Фото Сергея ТРОФИМОВА |
— Так уж повелось, что в конце года мы подводим итоги тому, что прожито и пережито. Скажите, каким вам видится уходящий год? Как бы вы его охарактеризовали? Какие бы тенденции выделили?
— В этом году, на мой взгляд, в эстонской политической, общественной жизни было три главных, ключевых, фокусных, я бы сказал, момента. Первый из них — это президентские выборы. Другой — начавшаяся подготовка к новым парламентским выборам. Все это сильно влияет, разумеется, на эстонскую политику. Очень большое общественное внимание привлекла, конечно, и ситуация, сложившаяся вокруг Бронзового солдата.
— Да уж, это сильно напрягло обстановку, выявило многие противоречия…
— И в этом смысле, хотя и не только в этом, конечно, имеет значение новая Интеграционная программа, которую мы начали разрабатывать весной.
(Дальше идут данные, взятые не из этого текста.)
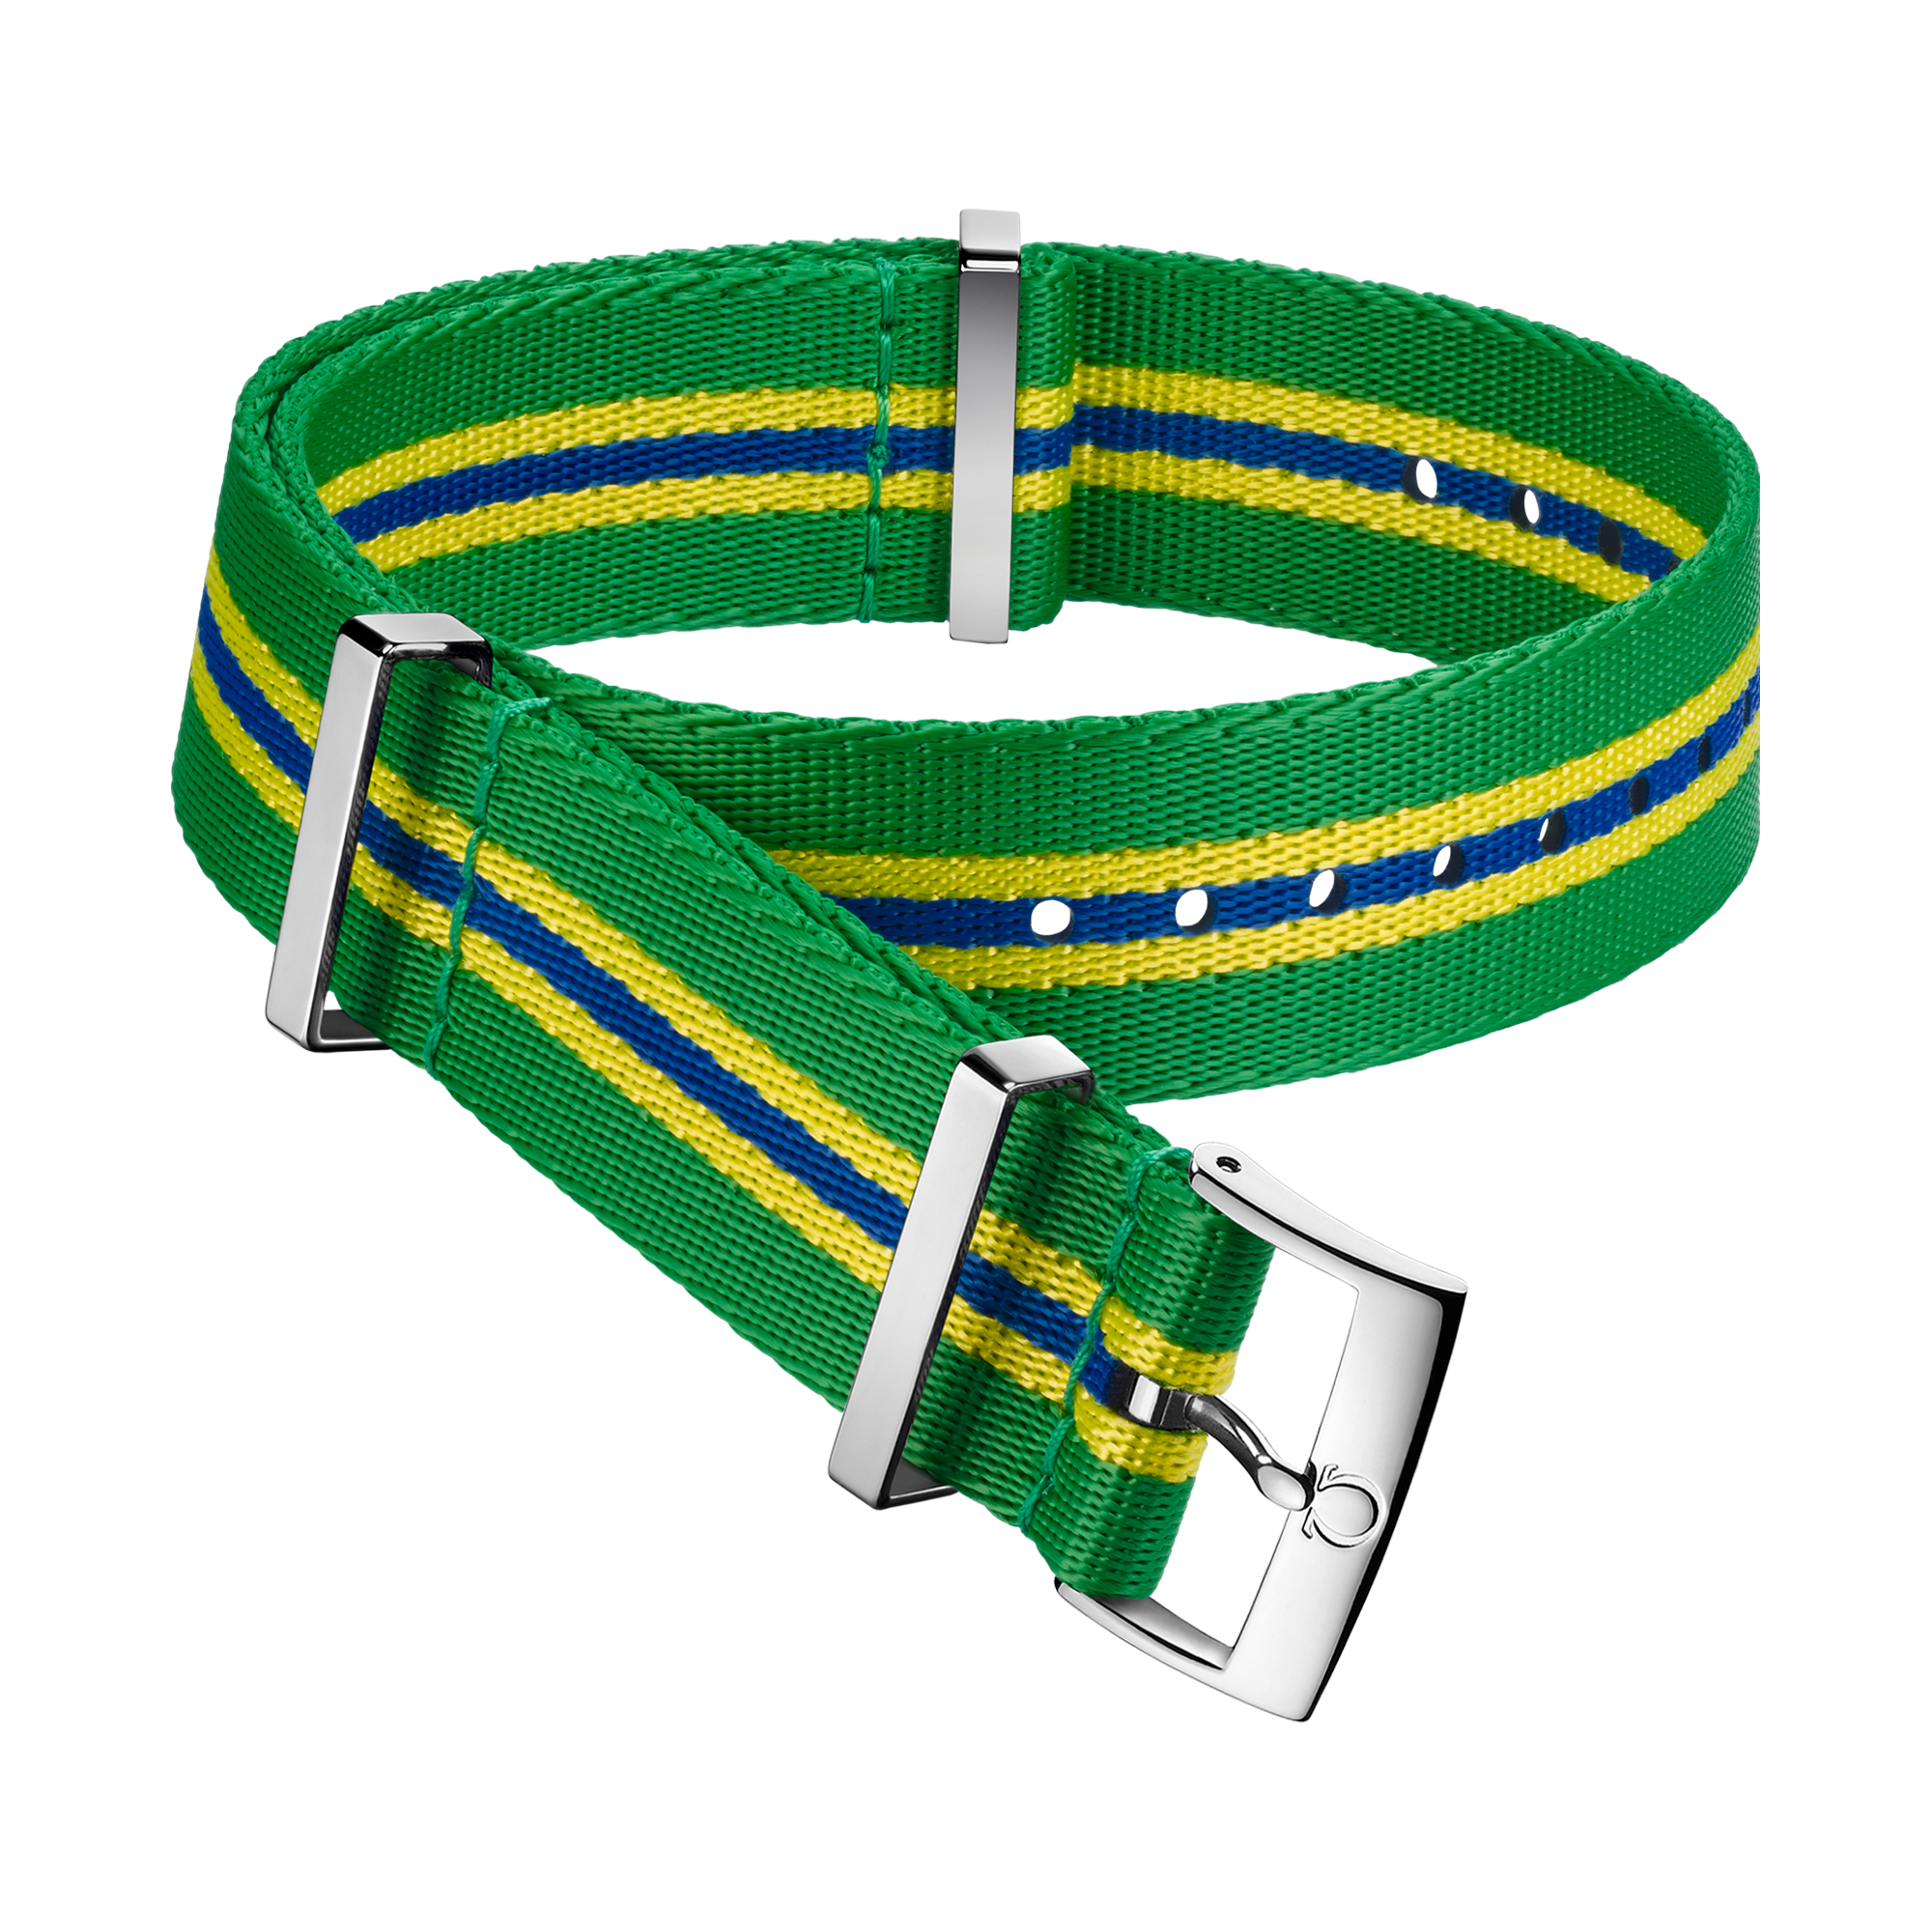 NATO strap - Polyamide 5-stripe green, yellow and blue strap - 031CWZ010678w
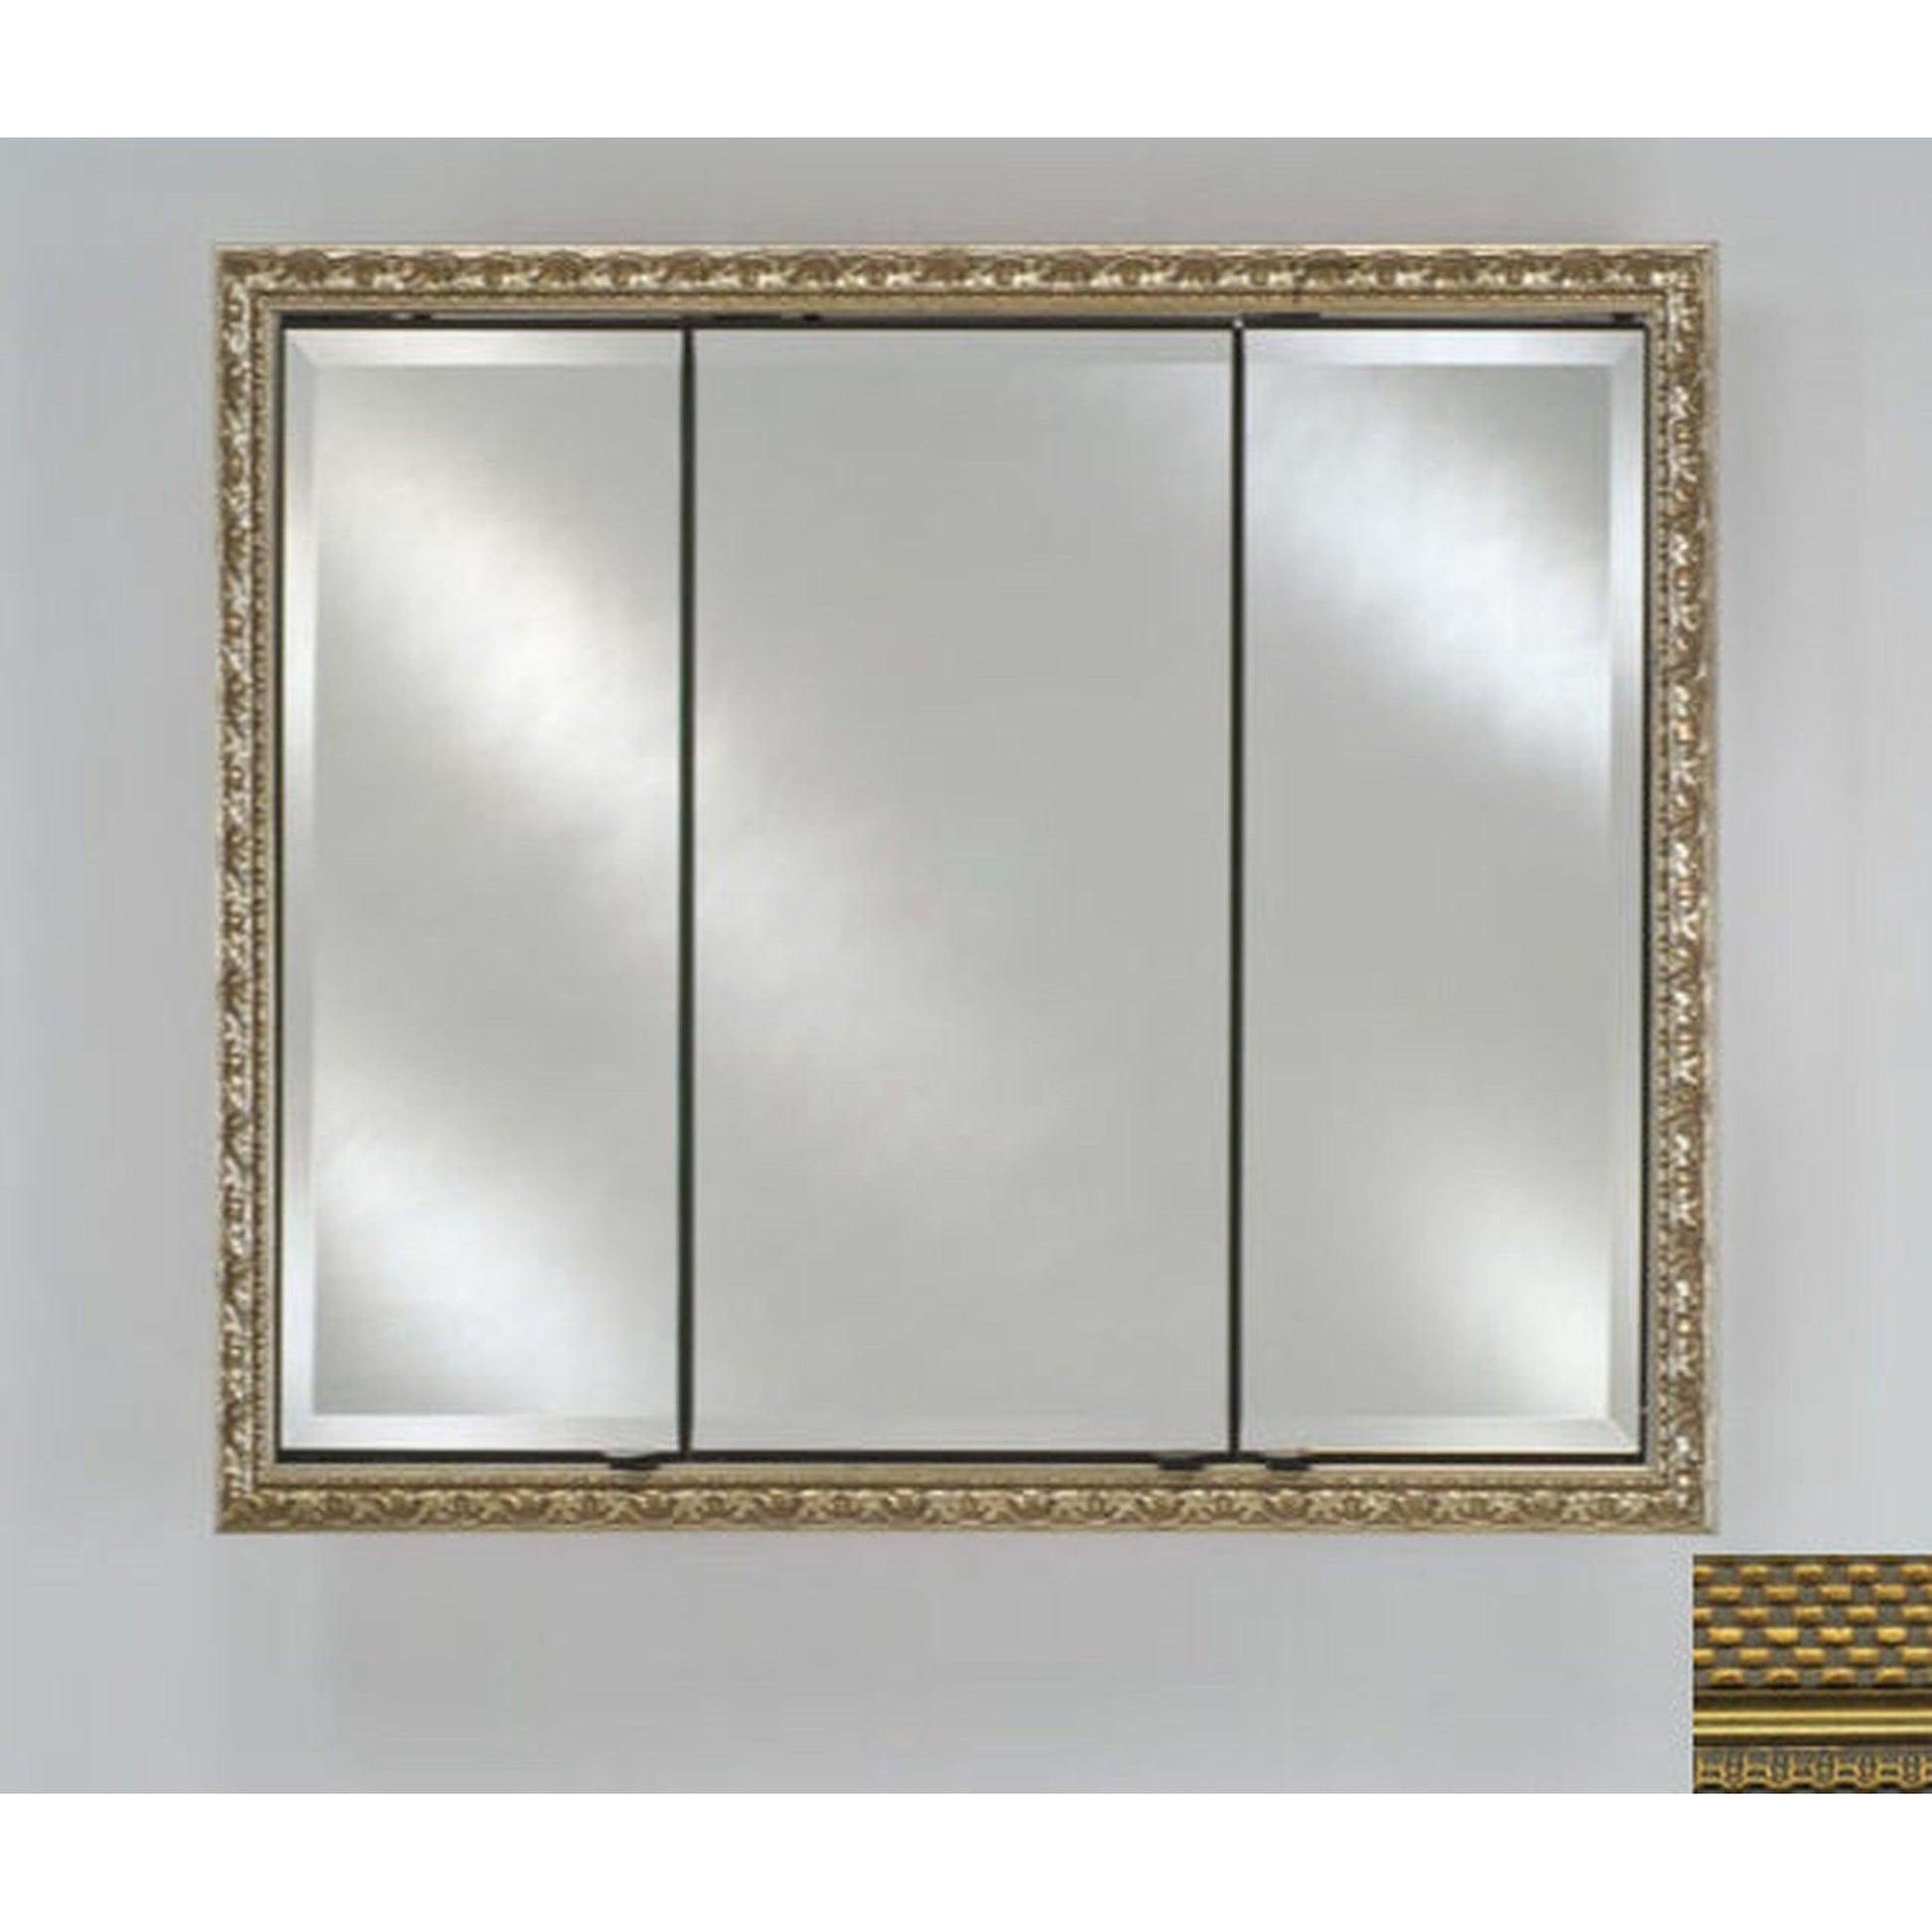 Afina Signature 34" x 30" Elegance Antique Gold Recessed Triple Door Medicine Cabinet With Beveled Edge Mirror

К ее подготовке привлечено немалое количество людей, специалистов в разных областях.
— Насколько мы знаем, вы возглавляете там рабочую группу…
— Да. И мы надеемся, что она, эта программа, будет готова уже весной. По сравнению с ныне действующей Интеграционной программой, рассчитанной на период с 2000 по 2007 г., там будут и новые моменты.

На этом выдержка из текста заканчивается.